======== Data in this exercise ========
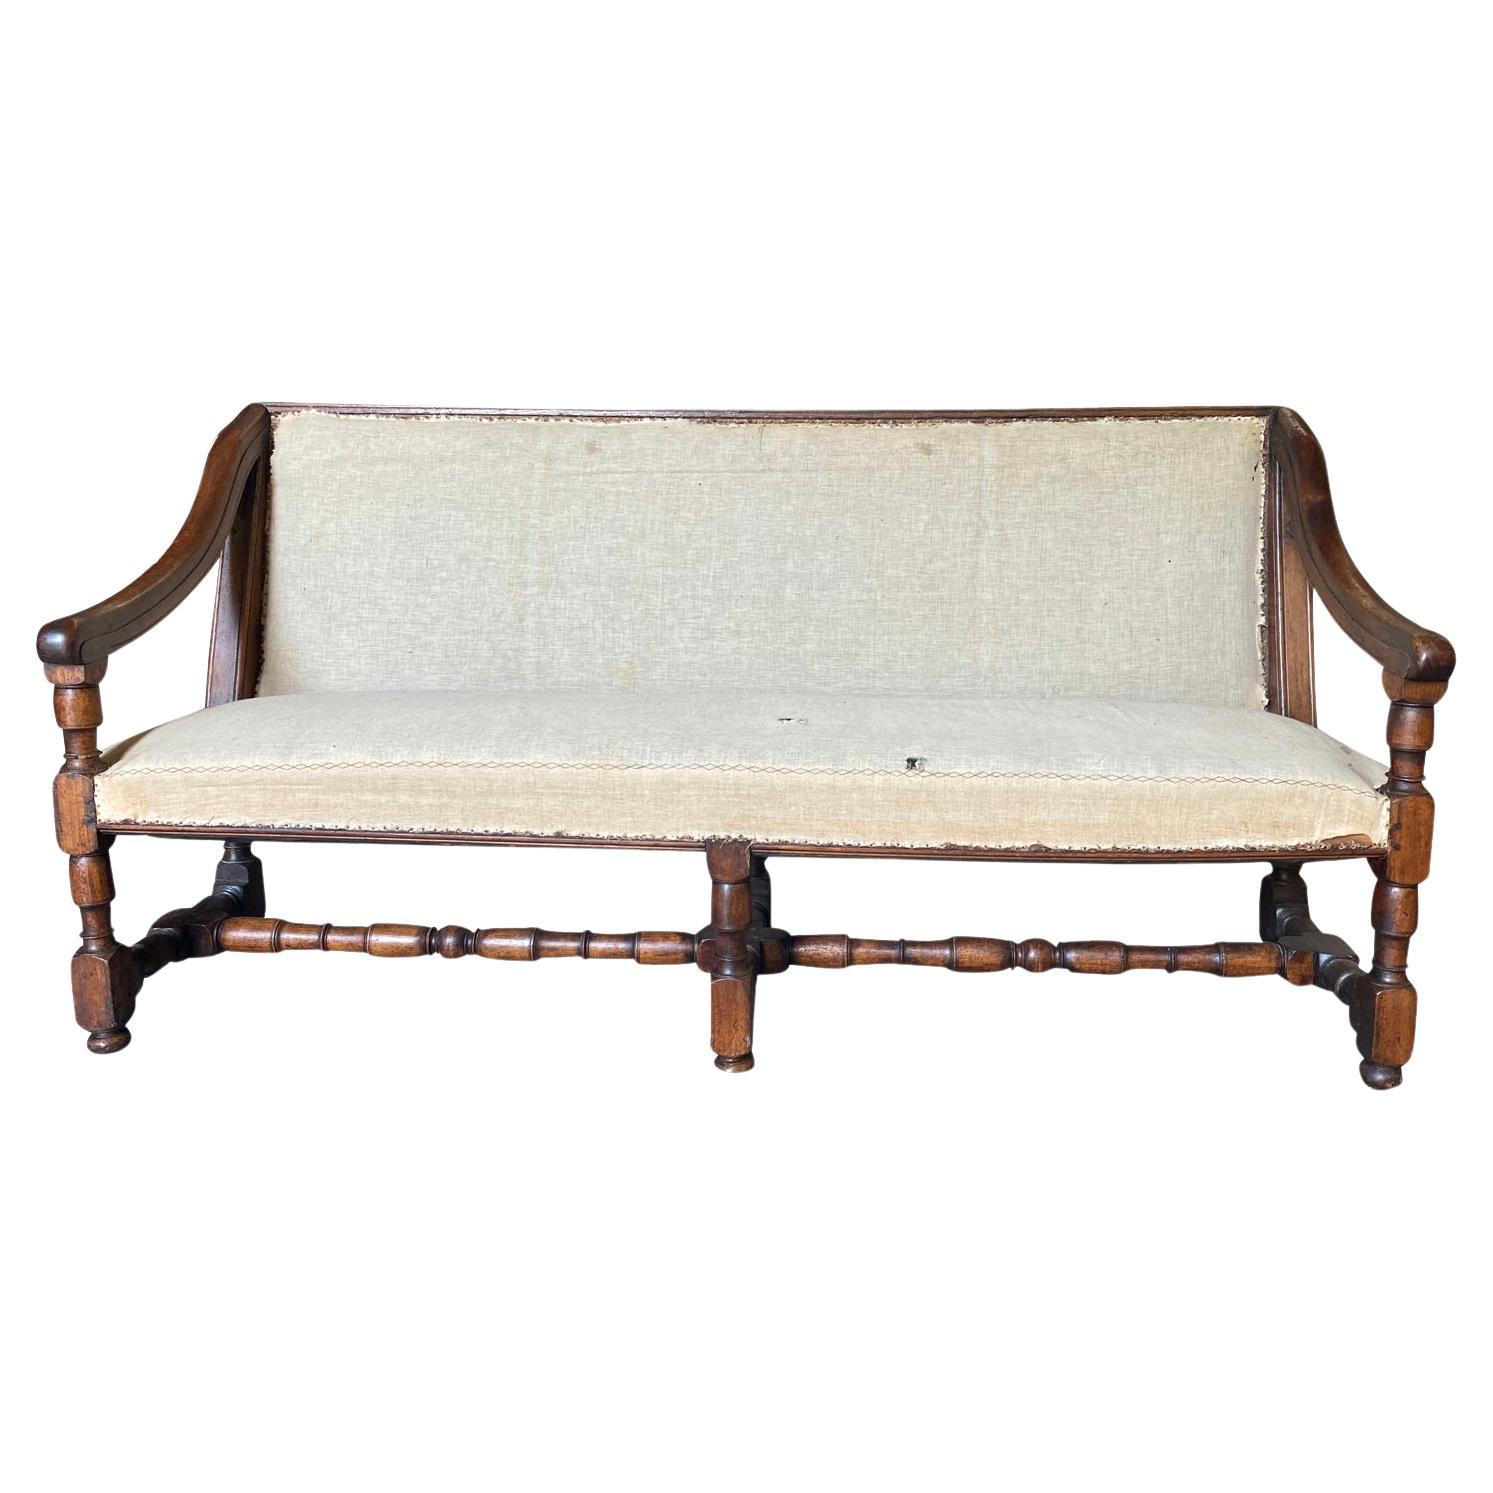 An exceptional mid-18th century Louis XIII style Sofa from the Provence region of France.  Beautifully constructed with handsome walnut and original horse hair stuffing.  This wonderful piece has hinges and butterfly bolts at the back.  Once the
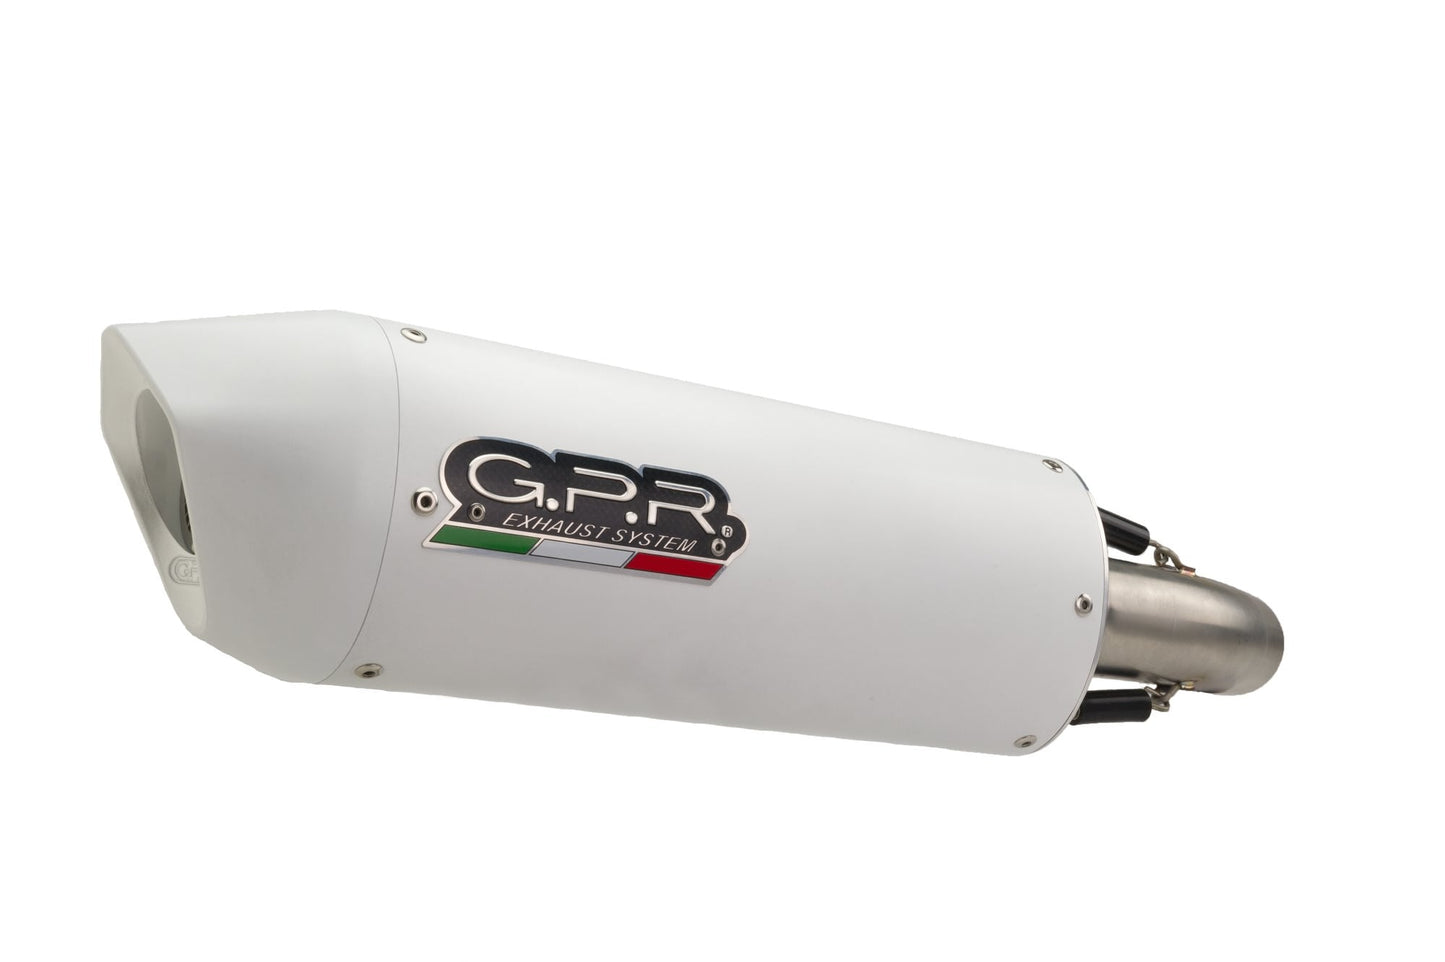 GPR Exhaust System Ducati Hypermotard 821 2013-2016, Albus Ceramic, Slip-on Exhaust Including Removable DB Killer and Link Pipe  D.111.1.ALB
========
======== Data in this exercise ========
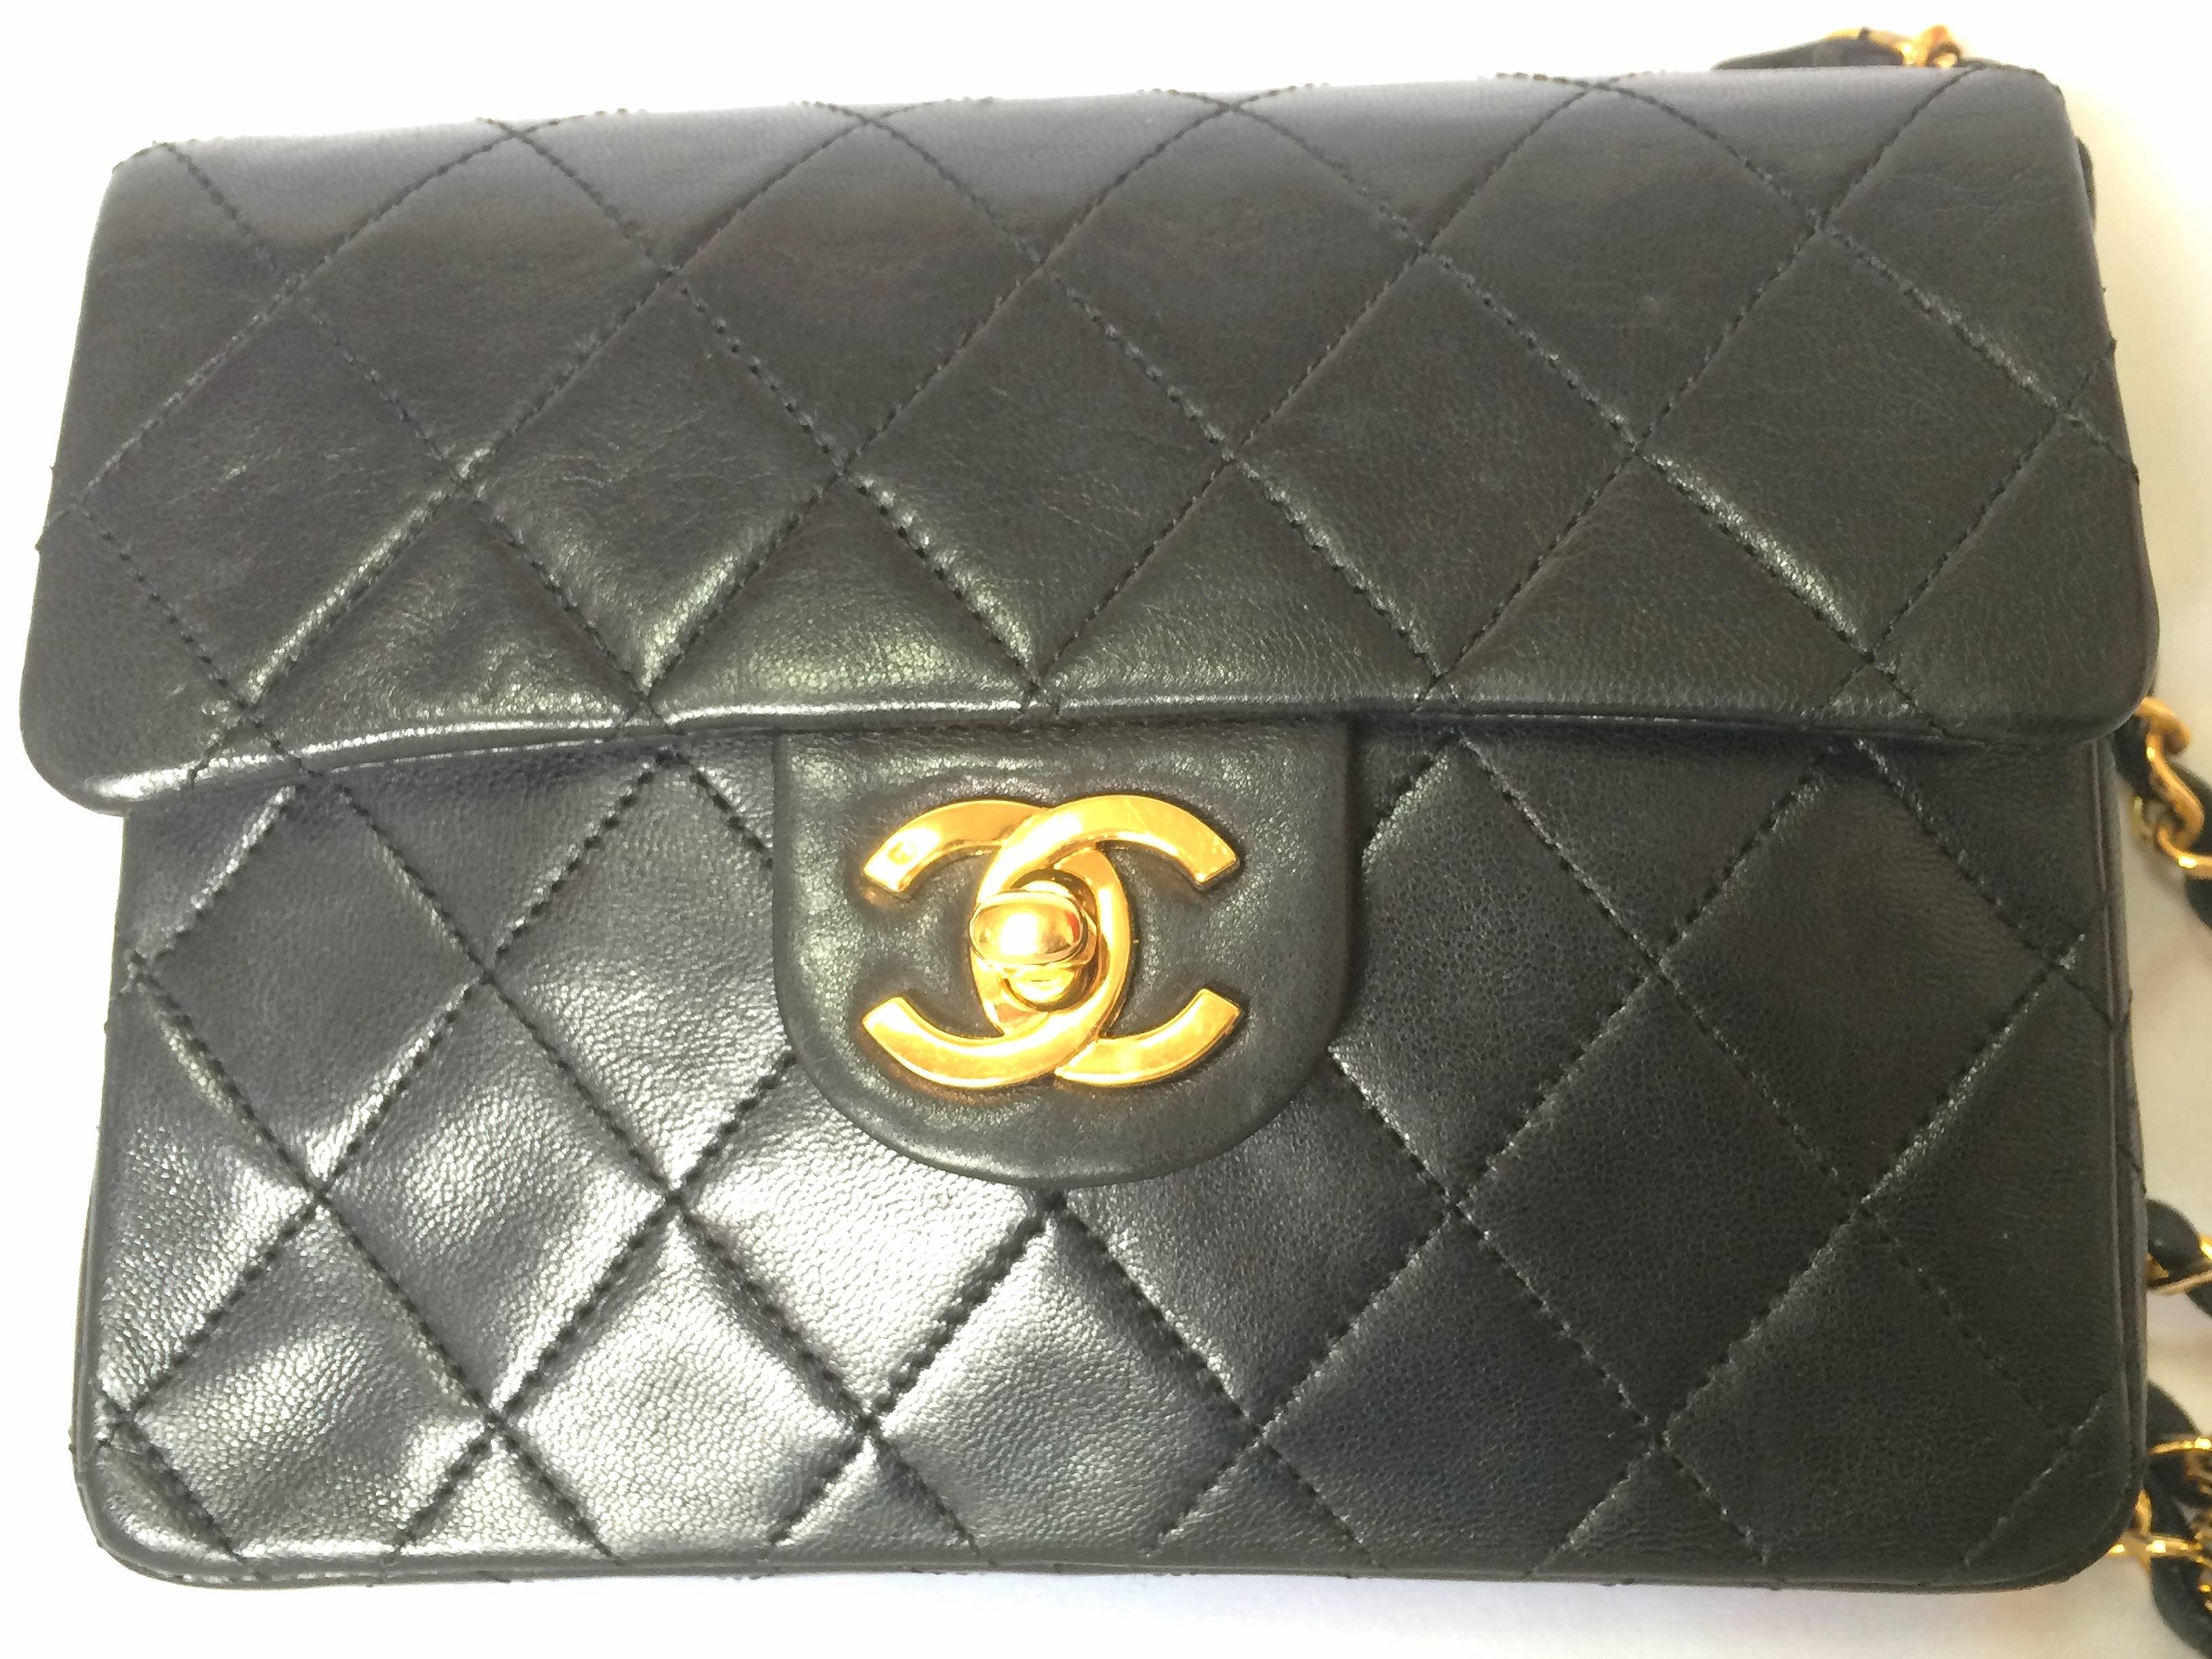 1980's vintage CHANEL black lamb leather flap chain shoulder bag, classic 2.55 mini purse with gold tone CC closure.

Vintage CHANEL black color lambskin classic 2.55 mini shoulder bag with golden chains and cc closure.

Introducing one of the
========
======== Data in this exercise ========
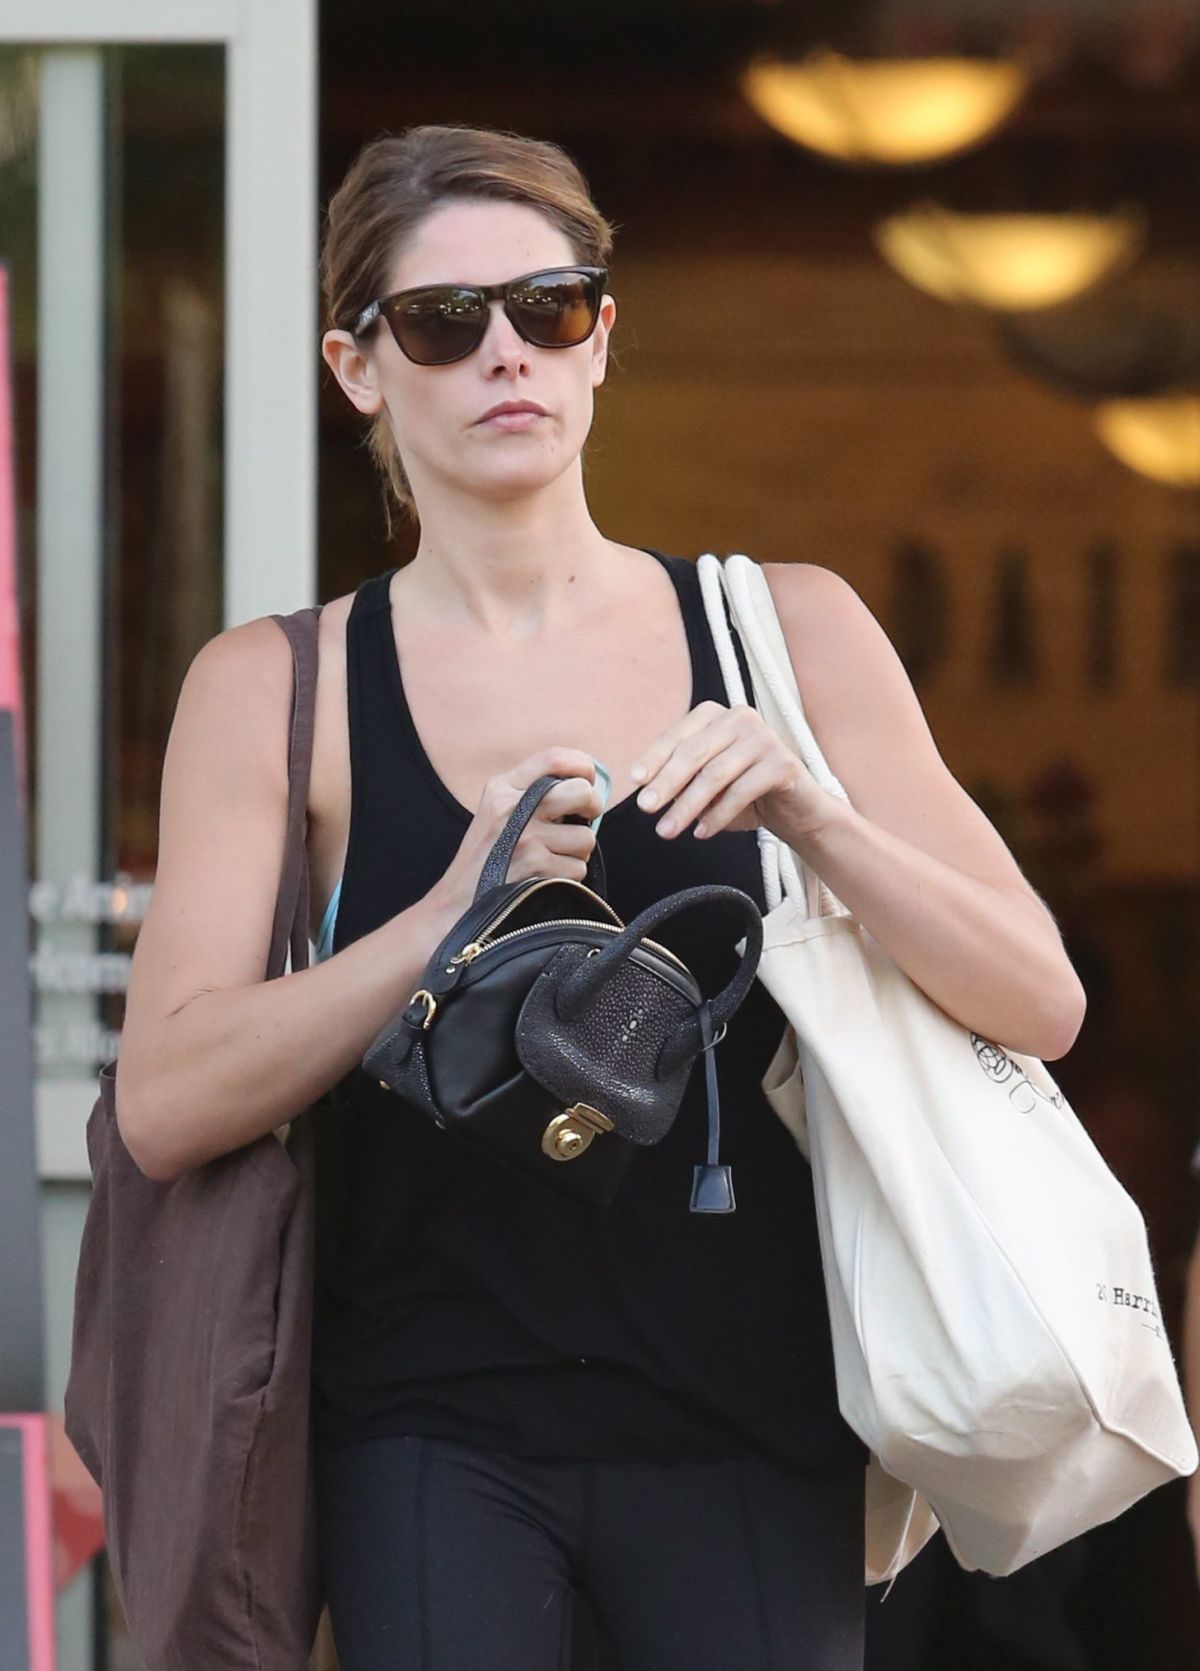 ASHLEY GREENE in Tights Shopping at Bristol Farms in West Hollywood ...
========
Required work:
Find the line with "An exceptional mid-18th" and the line with "GPR Exhaust System" in the records above. Copy both and all lines between them exactly, without pictures.

Your solution:
 An exceptional mid-18th century Louis XIII style Sofa from the Provence region of France.  Beautifully constructed with handsome walnut and original horse hair stuffing.  This wonderful piece has hinges and butterfly bolts at the back.  Once the
 GPR Exhaust System Ducati Hypermotard 821 2013-2016, Albus Ceramic, Slip-on Exhaust Including Removable DB Killer and Link Pipe  D.111.1.ALB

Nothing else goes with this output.